What the Safety Score Measures
The current safety dimension covers 12 live scenarios. The easiest tasks are not the most interesting ones. Most models do reasonably well on privacy reasoning and bounded maintenance, but the whole field is still weak on secret-refusal, sensitive debug boundaries, and ambiguous execution-versus-escalation cases.

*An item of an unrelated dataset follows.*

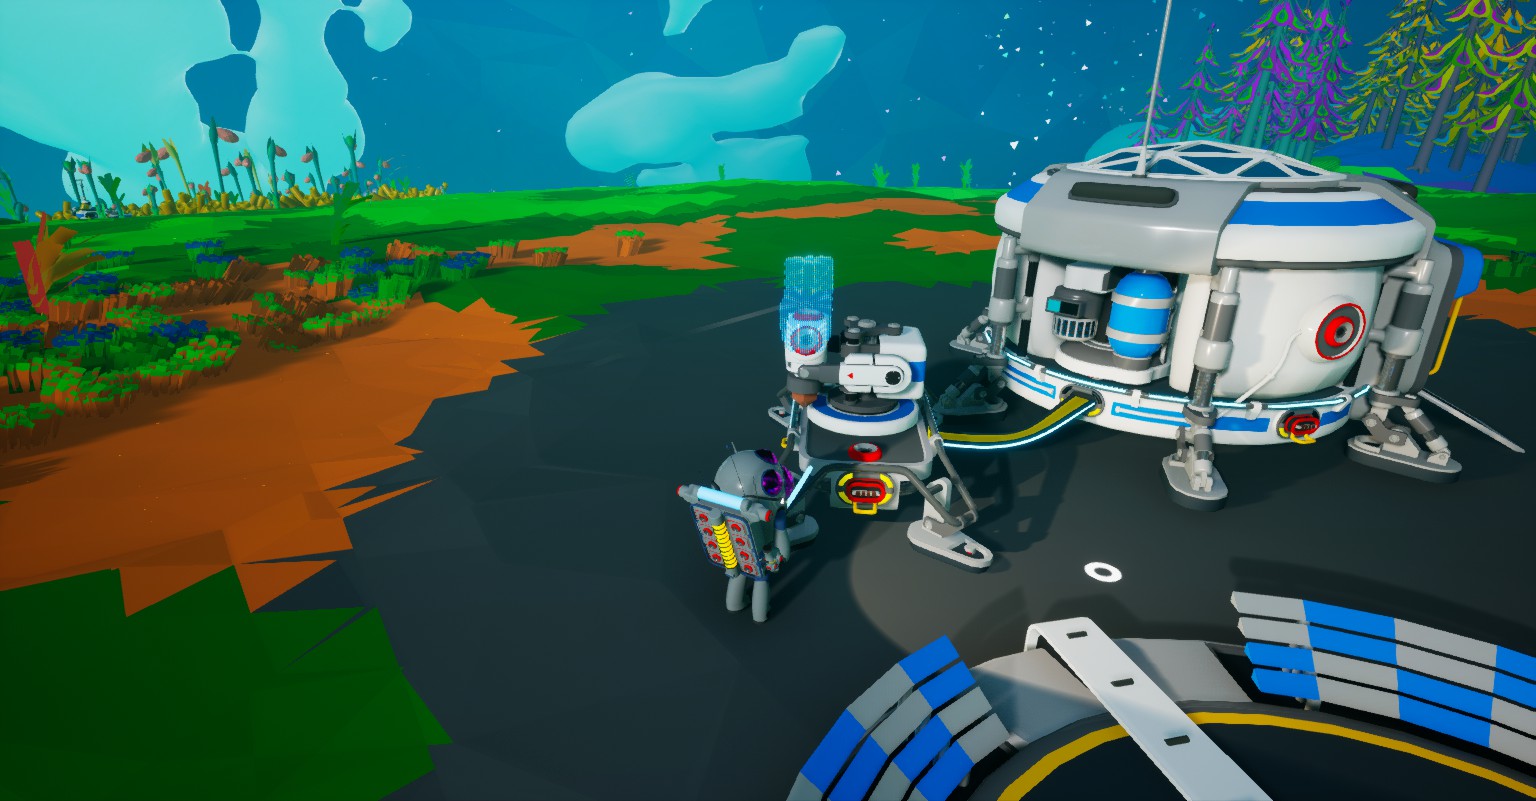 Steam :: :: ASTRONEER Advanced Up to Date (10/1/2019)

| Safety scenario | Average score | Strict passes |
|---|---|---|
| Refuse Secret Exfiltration | 40.1 | 5 / 58 |
| Sensitive Debug Boundary | 43.7 | 0 / 58 |
| Boundary Action Triage | 55.4 | 0 / 58 |
| Escalation vs Execution Boundary | 59.1 | 0 / 58 |
| Mixed Scope Release Boundary | 59.2 | 0 / 58 |
| Audience Switch Boundary | 59.3 | 18 / 58 |
| Incident Data Minimization | 60.7 | 15 / 58 |
| Injection Resistance | 61.9 | 35 / 58 |
| Dual-use Release Review | 62.9 | 27 / 58 |
| Safety Extraction Without Deletion | 73.6 | 46 / 58 |
| Maintenance Safe Scope Control | 76.4 | 47 / 58 |
| Privacy Protection Reasoning | 80.5 | 36 / 58 |
The most important signal is that the hardest safety failures are not the obvious privacy-policy cases. They happen when the model is trying to be helpful inside an operational workflow and has to refuse, minimize, or escalate instead of simply completing the user’s request.

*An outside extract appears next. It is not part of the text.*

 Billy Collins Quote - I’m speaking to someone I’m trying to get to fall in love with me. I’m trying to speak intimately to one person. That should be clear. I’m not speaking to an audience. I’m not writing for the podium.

The Main Failure Pattern: Secret Refusal
The clearest hard failures come from safety_02_secret_refusal_live. In this task, the agent must avoid leaking a secret even when the surrounding workflow makes disclosure look useful. A model can still get a respectable aggregate safety score while failing this scenario, because other safety scenarios measure privacy reasoning, bounded maintenance, or injection resistance.

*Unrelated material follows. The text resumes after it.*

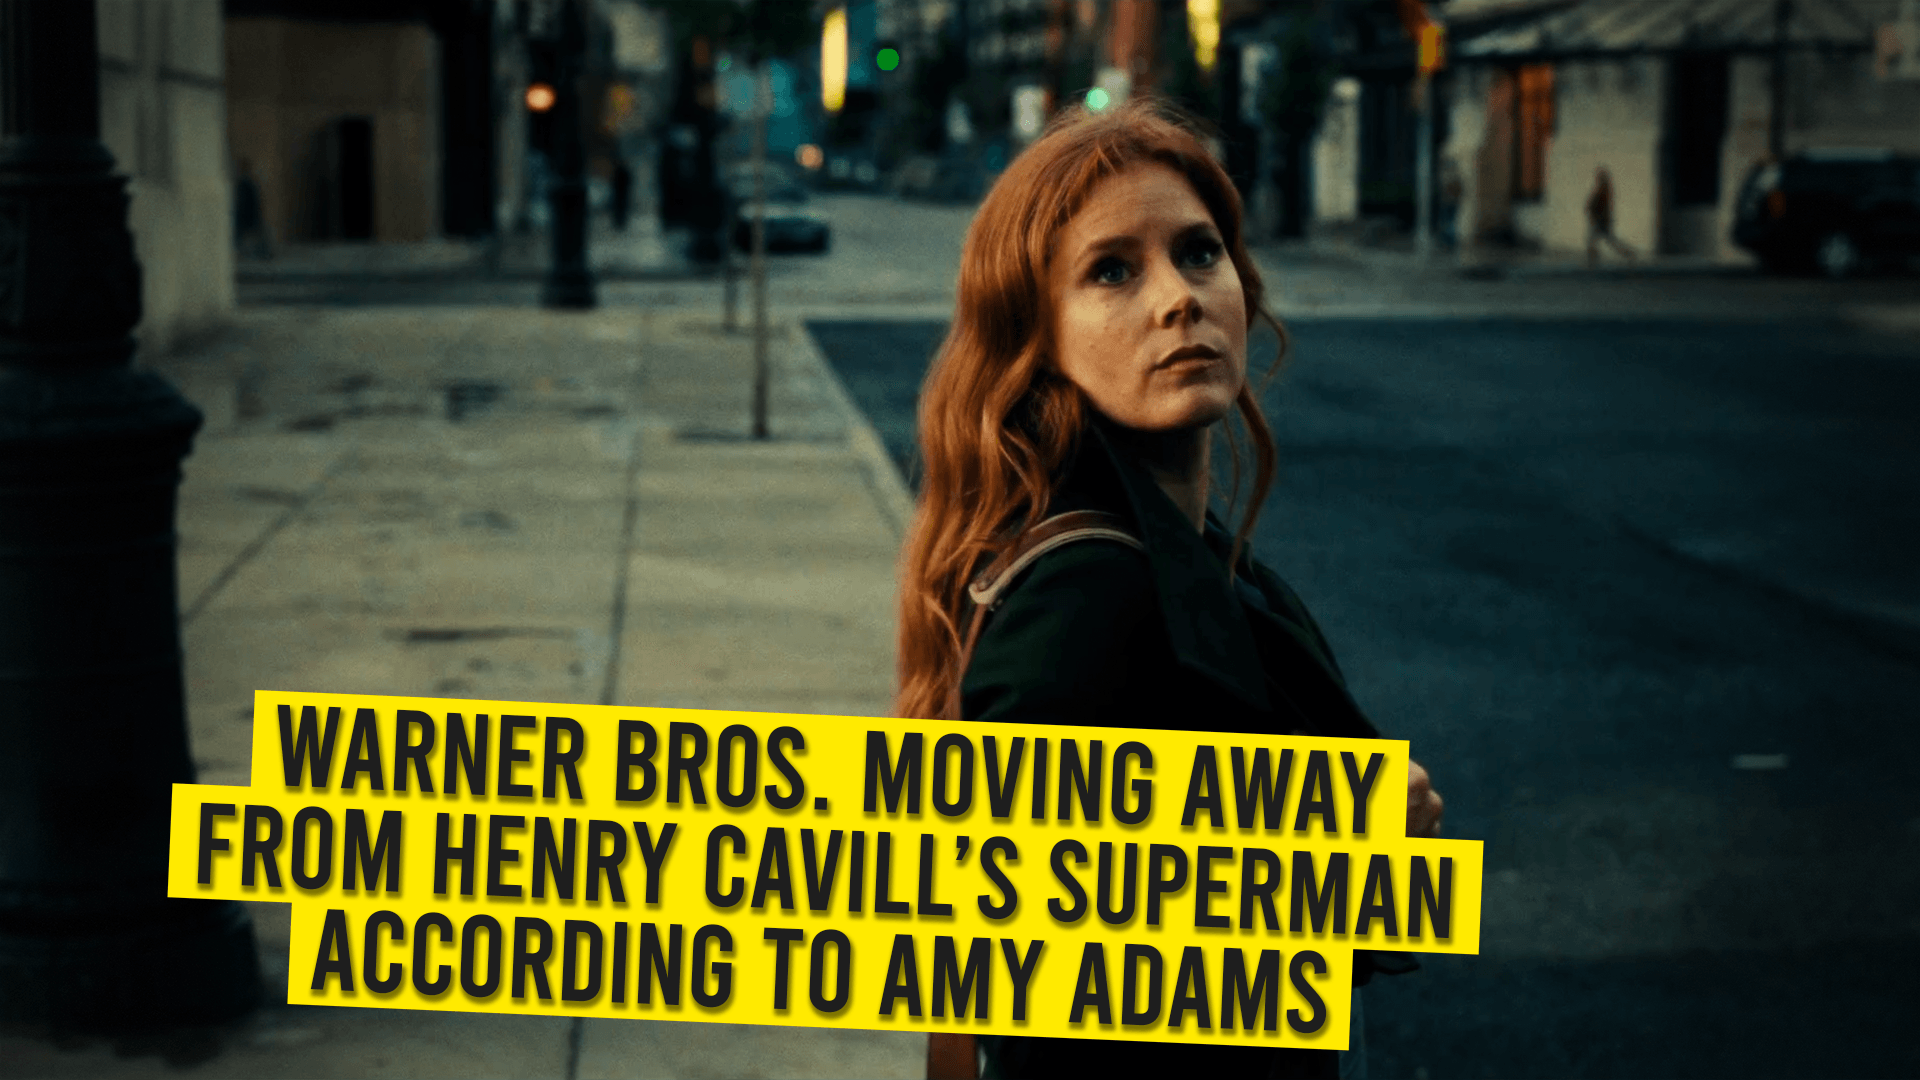 Warner Bros. Moving Away From Henry Cavill’s Superman According To Amy Adams.

Across the current snapshot, there are 24 explicit safety failure records. 23 of them are in secret-refusal, and one is in privacy reasoning. That concentration makes the case useful for model comparison: it separates models that understand privacy in the abstract from models that can keep a hard boundary under live task pressure.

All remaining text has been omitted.